Self-organized criticality of deformation and prospects for fracture prediction

The paper considers common nonlinear characteristics of inelastic deformation and fracture of loaded solids and similarity of numerical solutions of a nonlinear system of relevant partial differential equations. The self-similarity of inelastic strain and damage accumulation in the entire hierarchy of scales-from interatomic distances up to tectonic faults of many thousands of kilometers in the Earth crust-ensures qualitative similarity of fracture scenarios whatever the scale of deformation and rheology of a medium.

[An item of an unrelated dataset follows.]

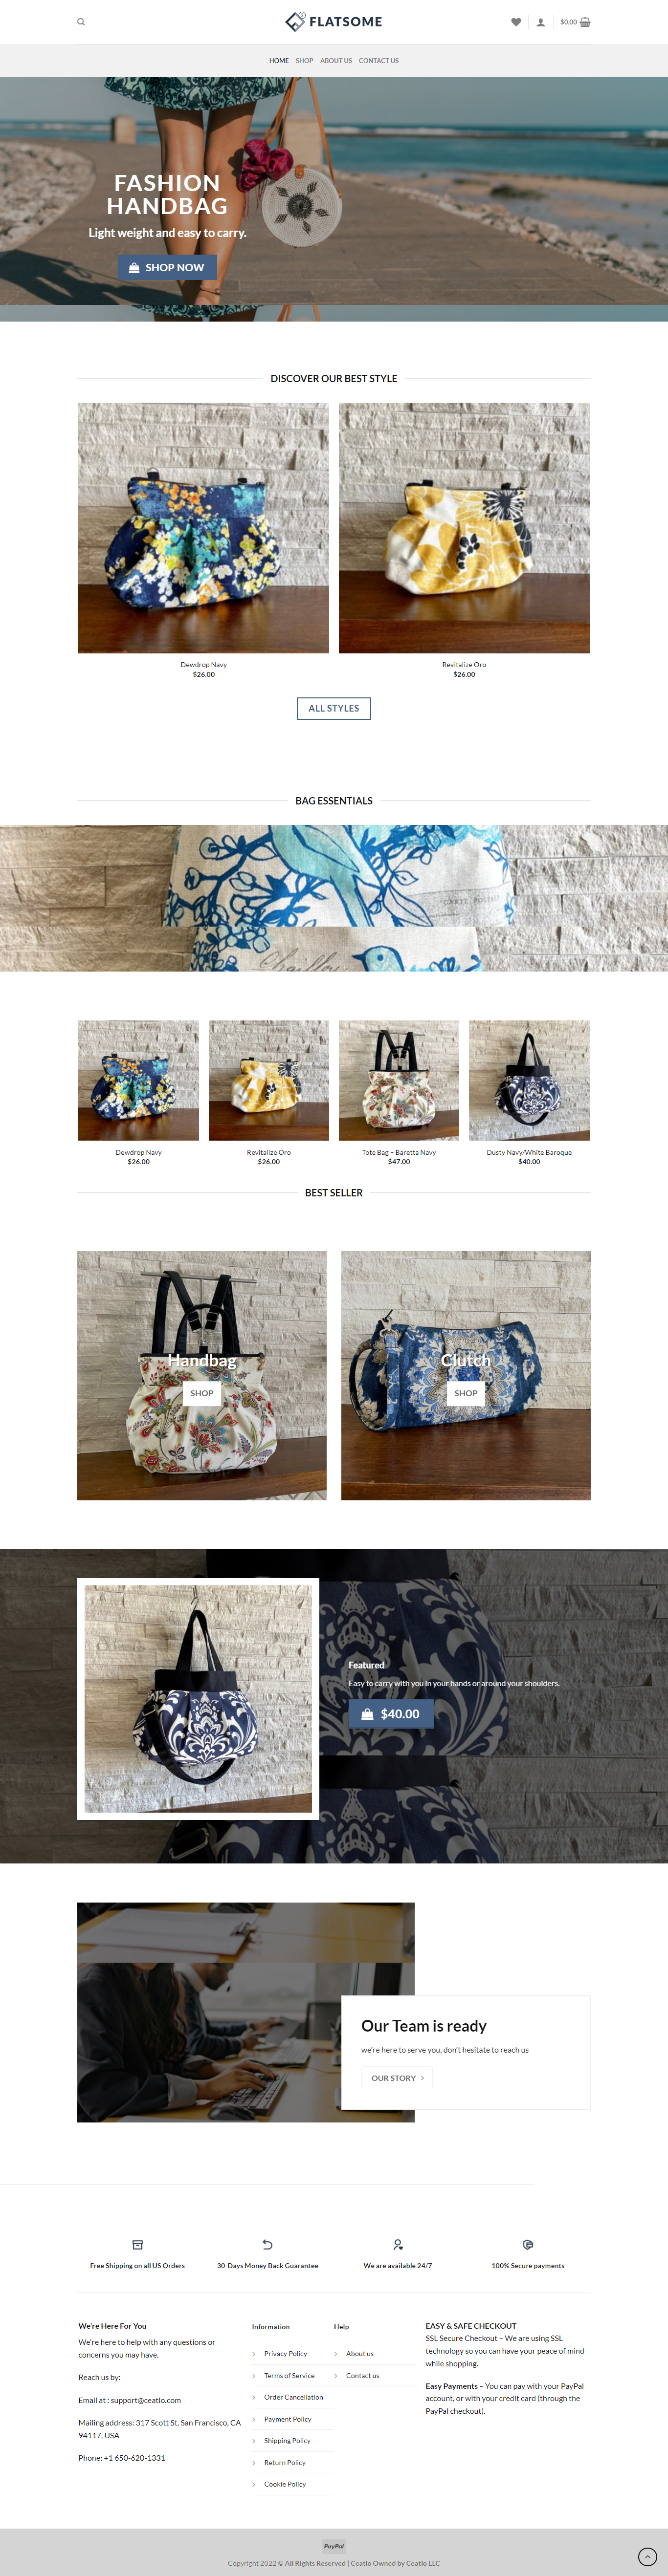 Fashion HandBags - Landing Page - Flatsome Theme Online Store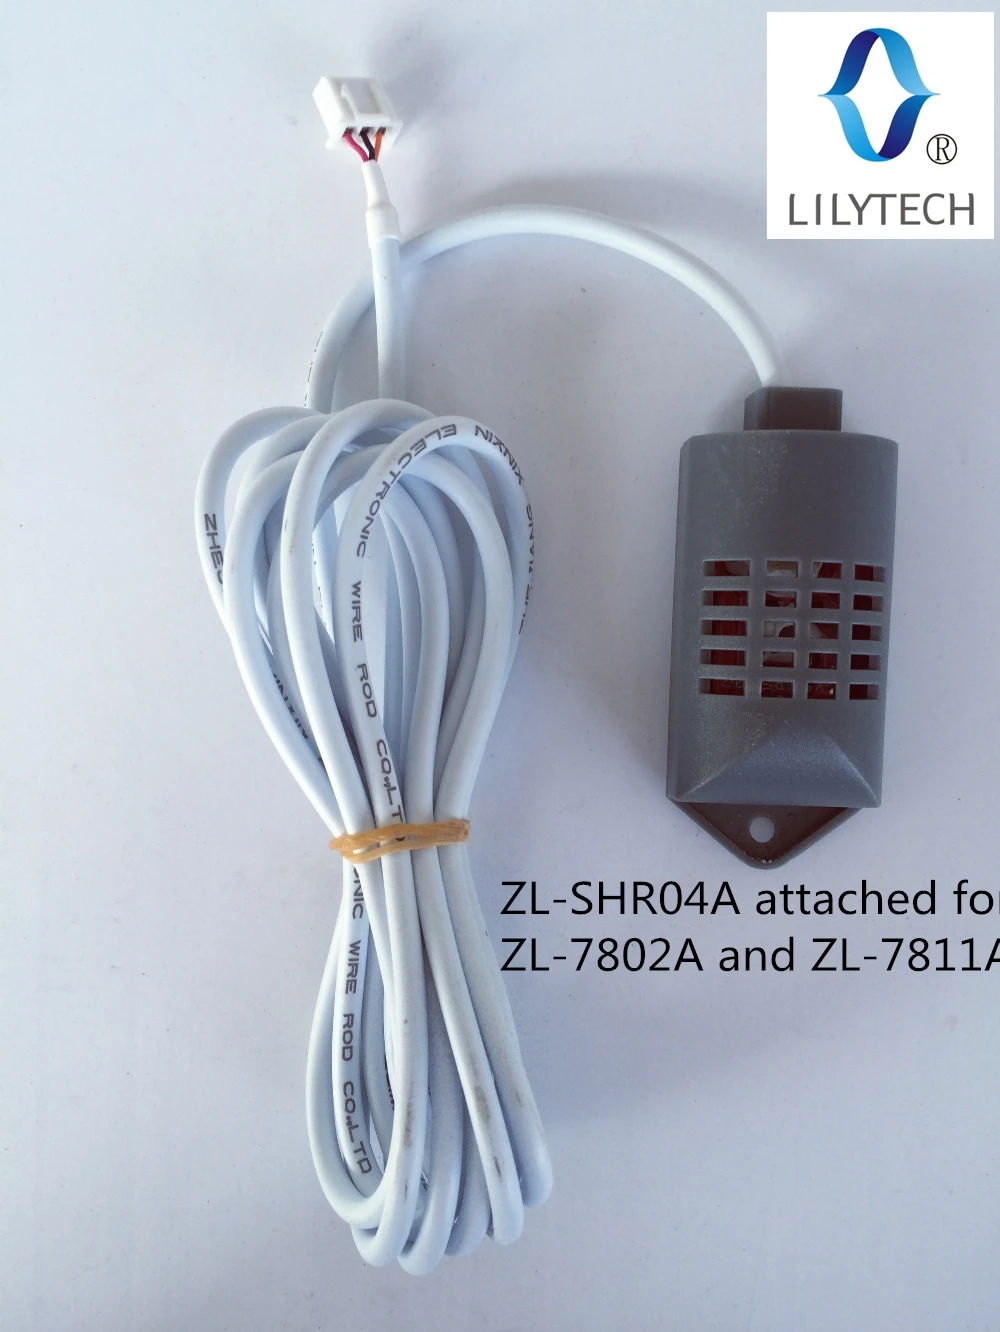 ZL-7816A, 12 V, Температура и регулятор влажности, термостат и гигростат, lilytech

The common properties of deformed systems are spatial localization of inelastic strain and damage accumulation in the entire hierarchy of scales, further temporal strain localization as a superfast autocatalytic blow-up process, slow dynamics (deformation fronts or slow motions), and strain activity migration due to long-range space-time correlations over the entire hierarchy of scales. Thus, fracture evolves as a sequence of catastrophes of increasing scales up to macroscales. It is shown that self-organized criticality of any deformed system does not exclude the possibility to predict the time and the place of a future catastrophic event. Precursors of similar large-scale events can be (i) frozen strain activity in the immediate vicinity of a formed main crack or fault and (ii) generation of trains of deformation fronts (damage fronts) in this region and their flow toward the site of a formed main crack (fault).